- _RECORDS FOR THE EXERCISE_
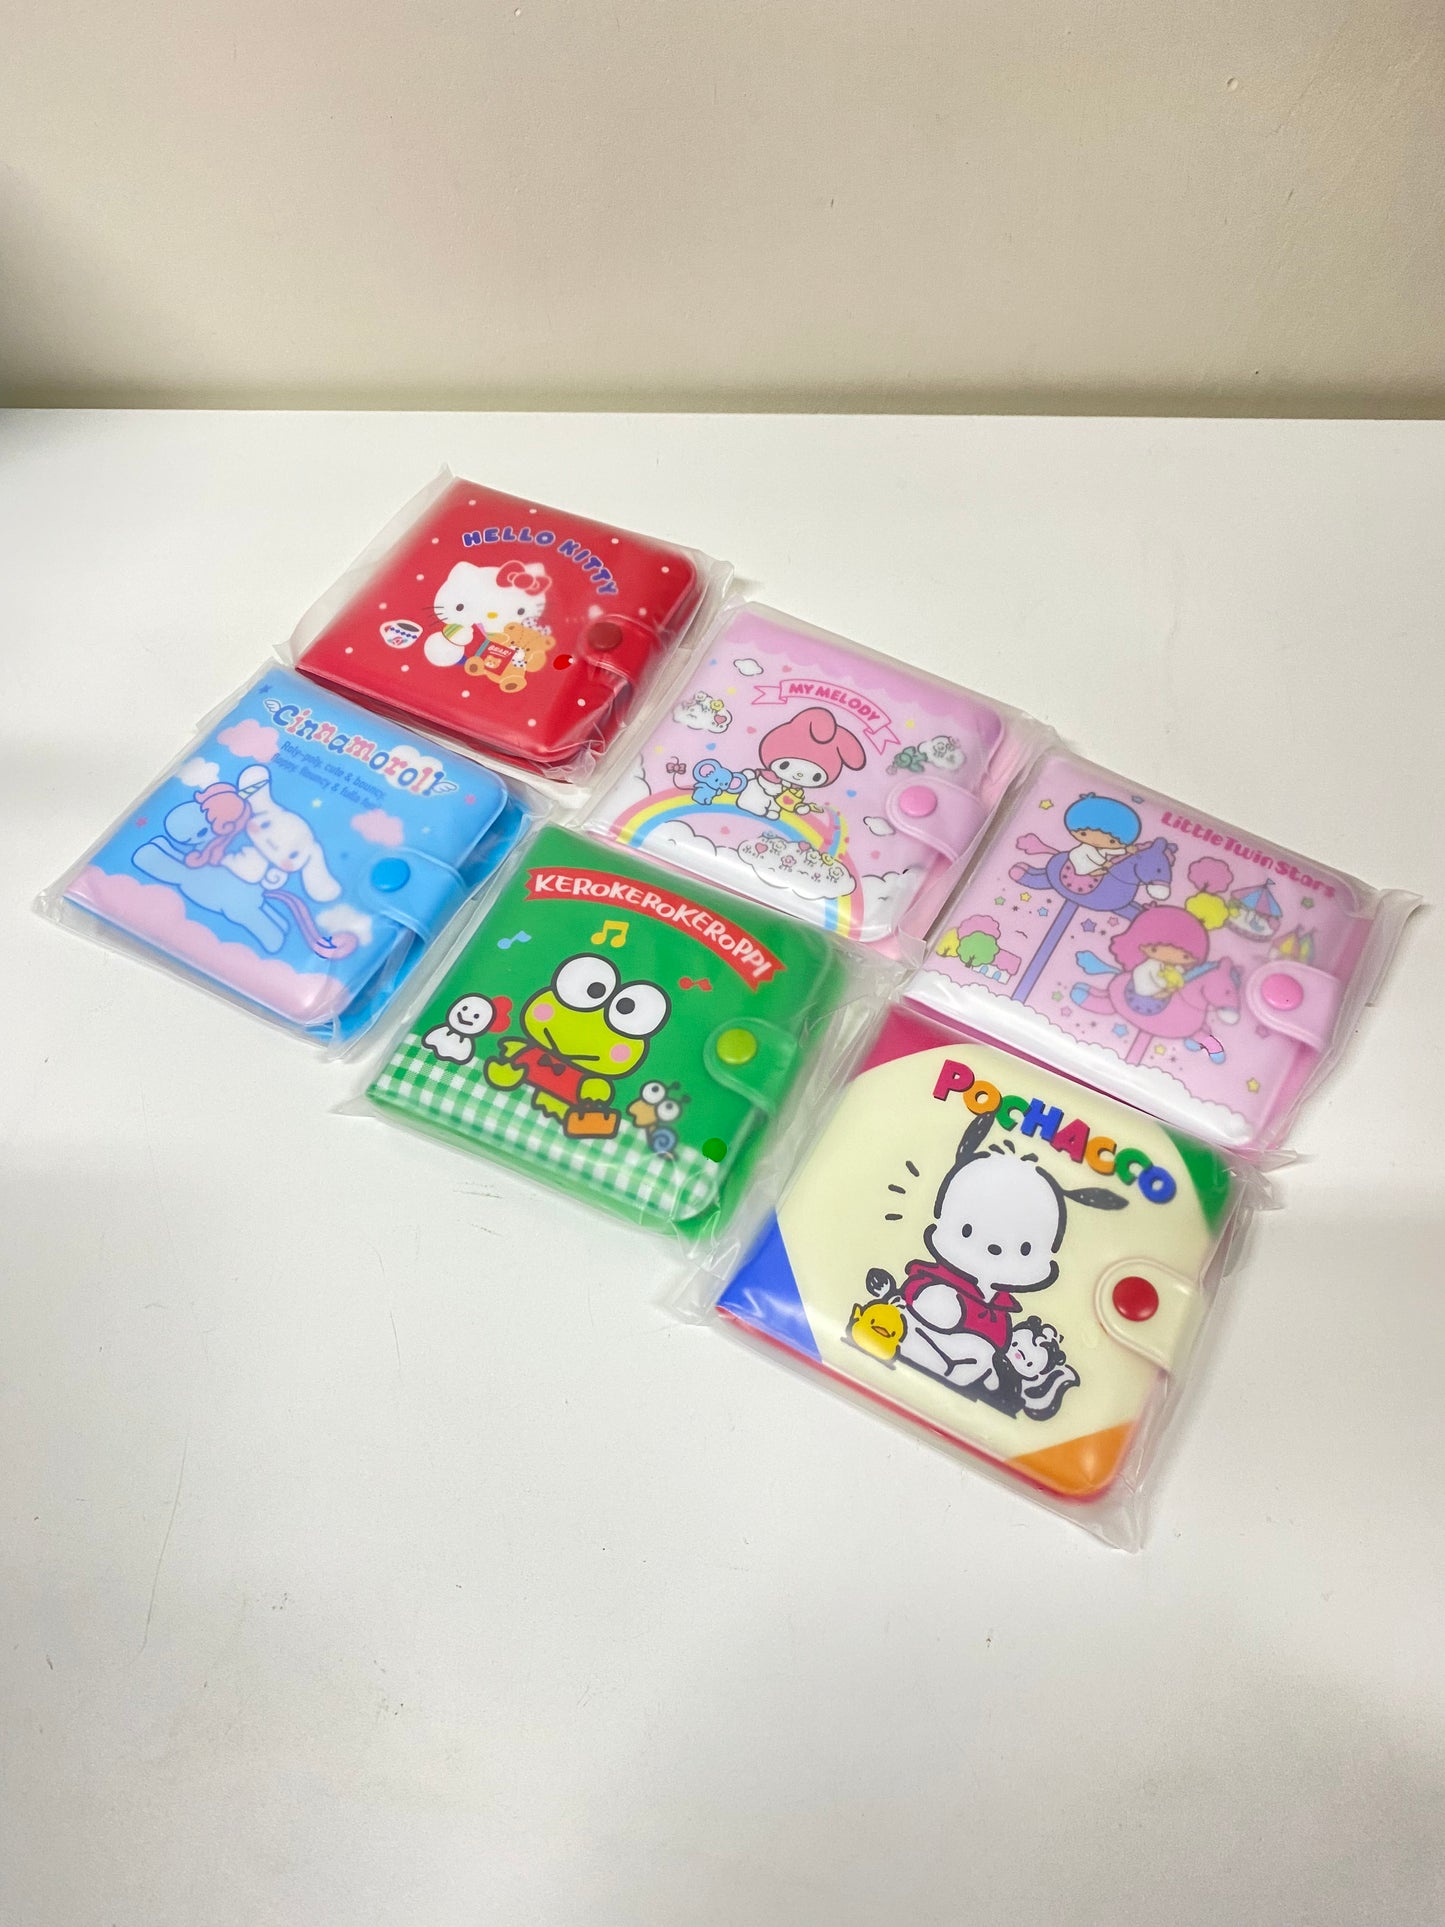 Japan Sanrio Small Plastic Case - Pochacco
* * *
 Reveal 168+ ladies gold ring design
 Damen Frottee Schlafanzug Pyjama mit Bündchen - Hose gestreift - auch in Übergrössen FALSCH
---
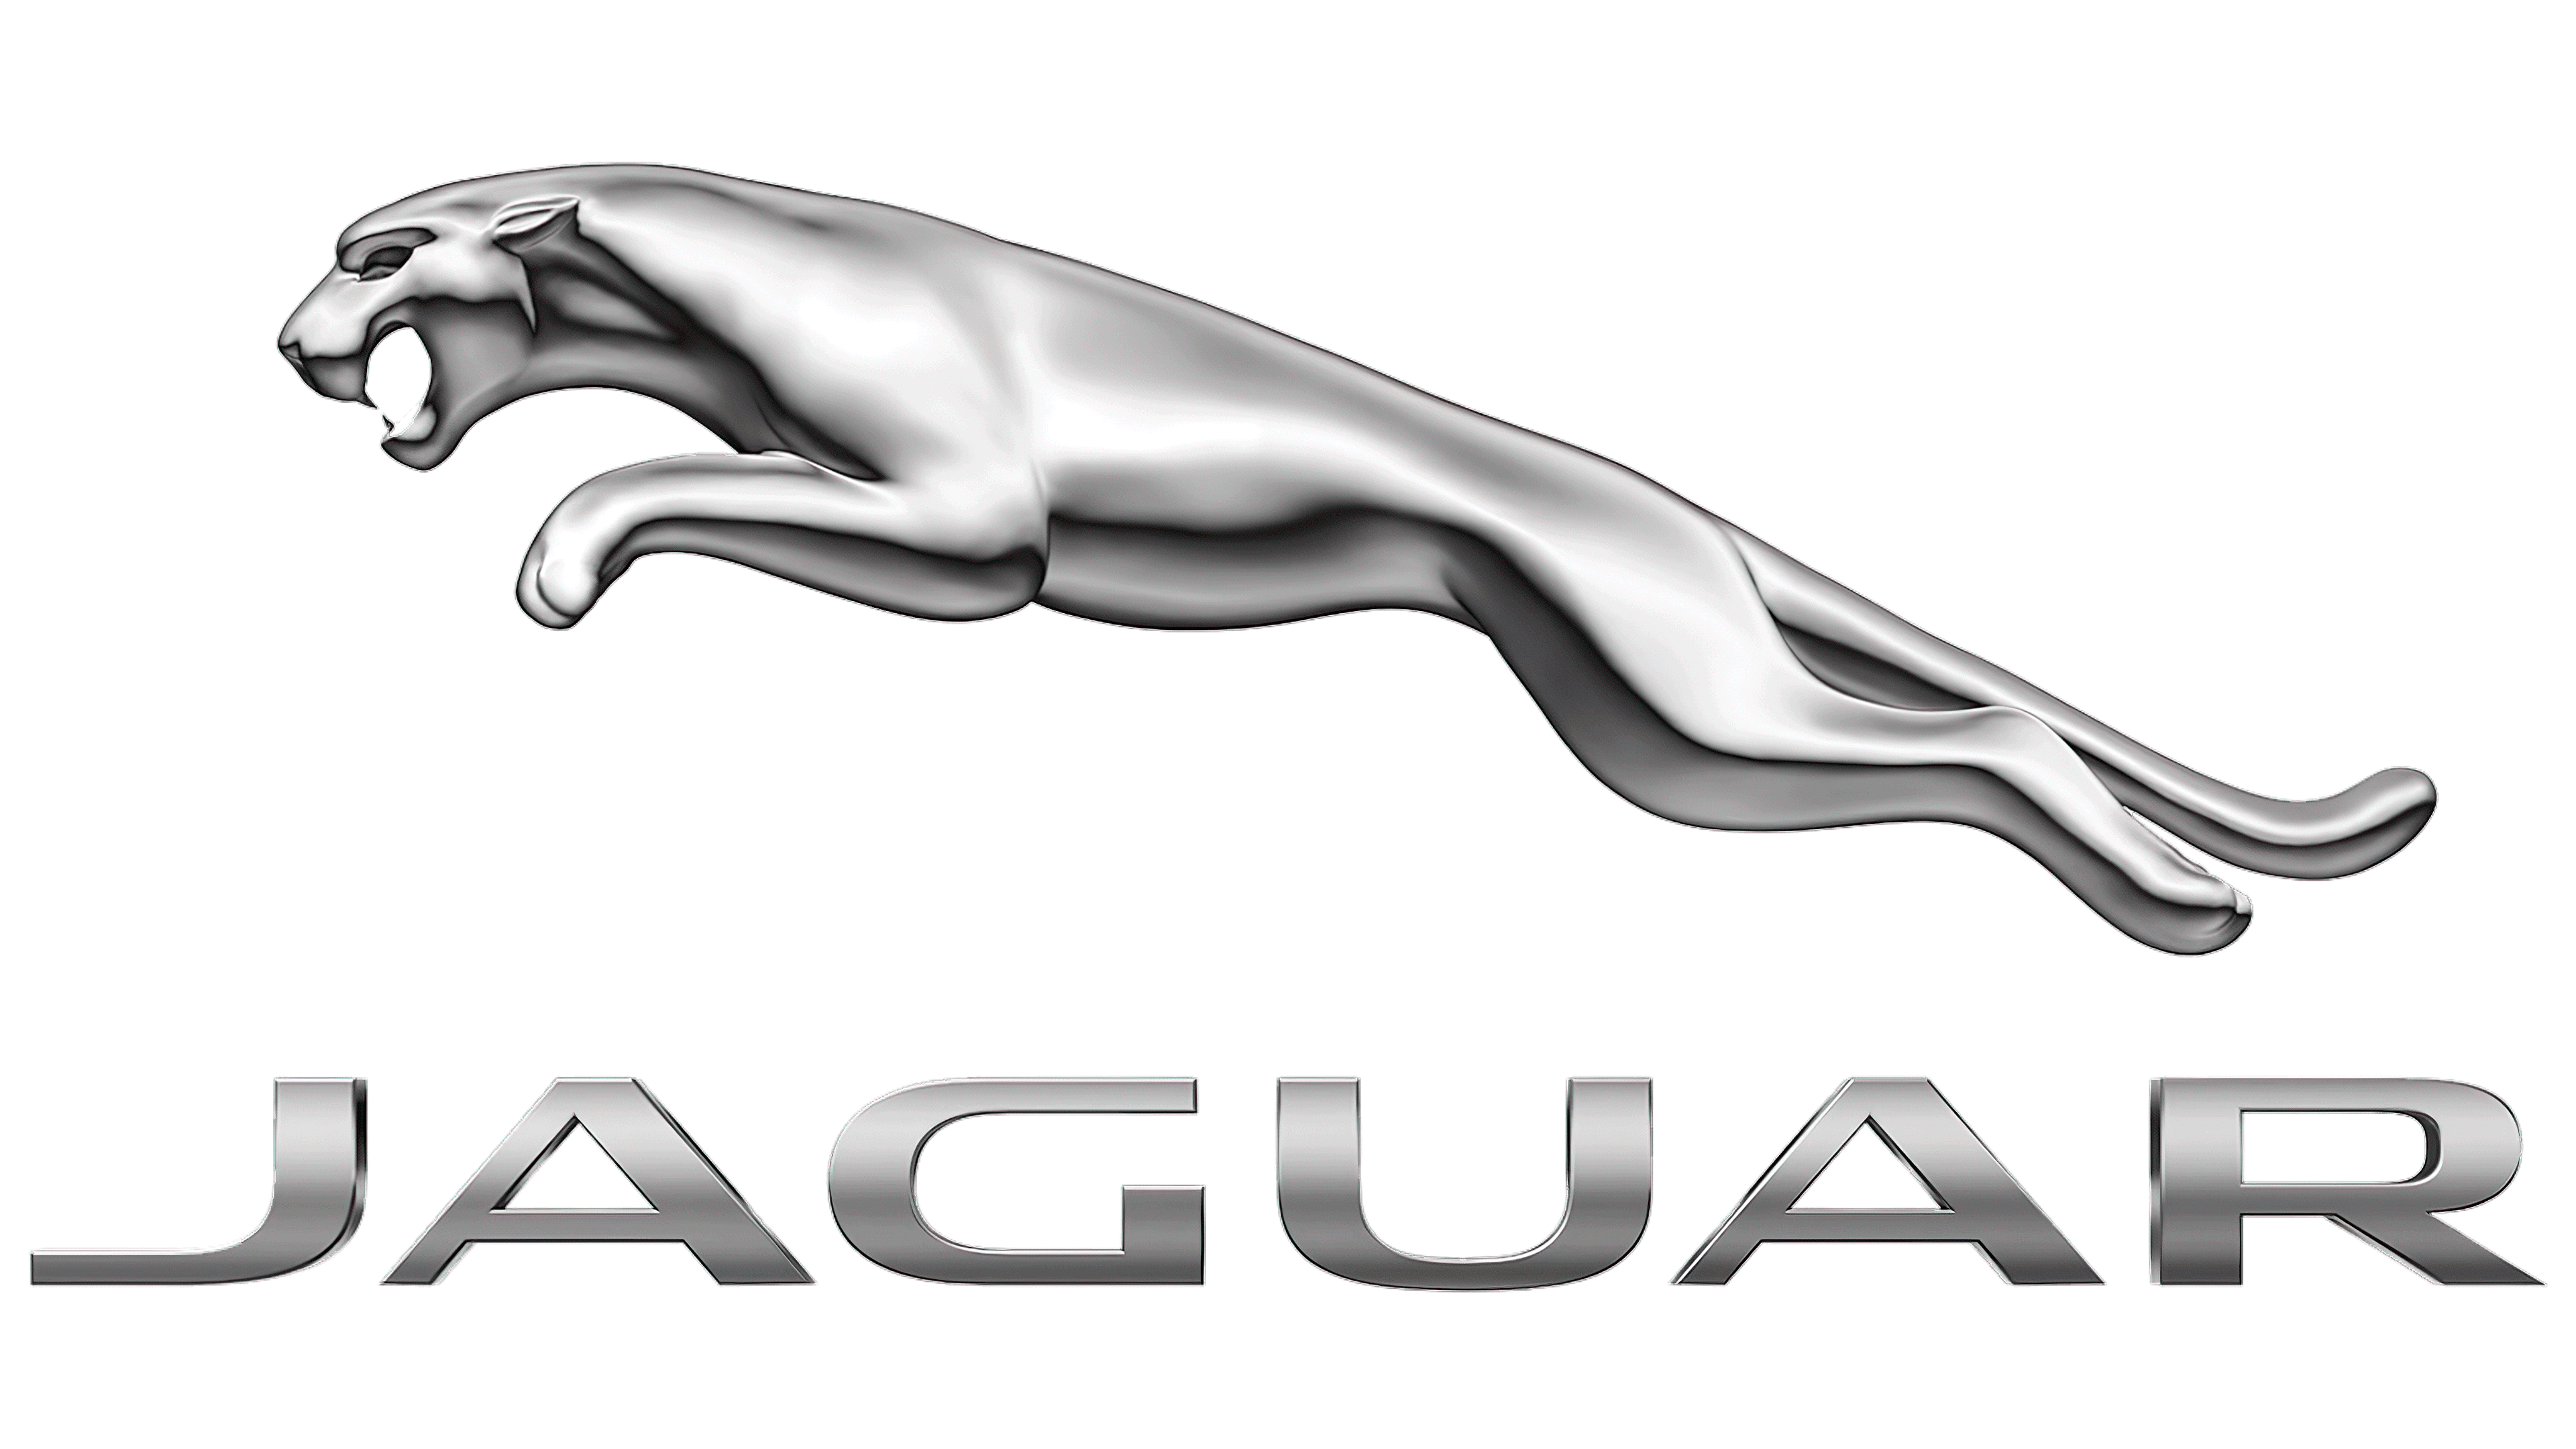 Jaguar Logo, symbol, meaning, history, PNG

- _WHAT THIS TASK INVOLVES_
Above are the records. Print exactly, and only, the lines from the line with "Reveal 168+ ladies gold ring design" to the line with "Damen Frottee Schlafanzug", both inclusive.

- _RESPONSE FOR THIS EXERCISE_
 Reveal 168+ ladies gold ring design
 Damen Frottee Schlafanzug Pyjama mit Bündchen - Hose gestreift - auch in Übergrössen FALSCH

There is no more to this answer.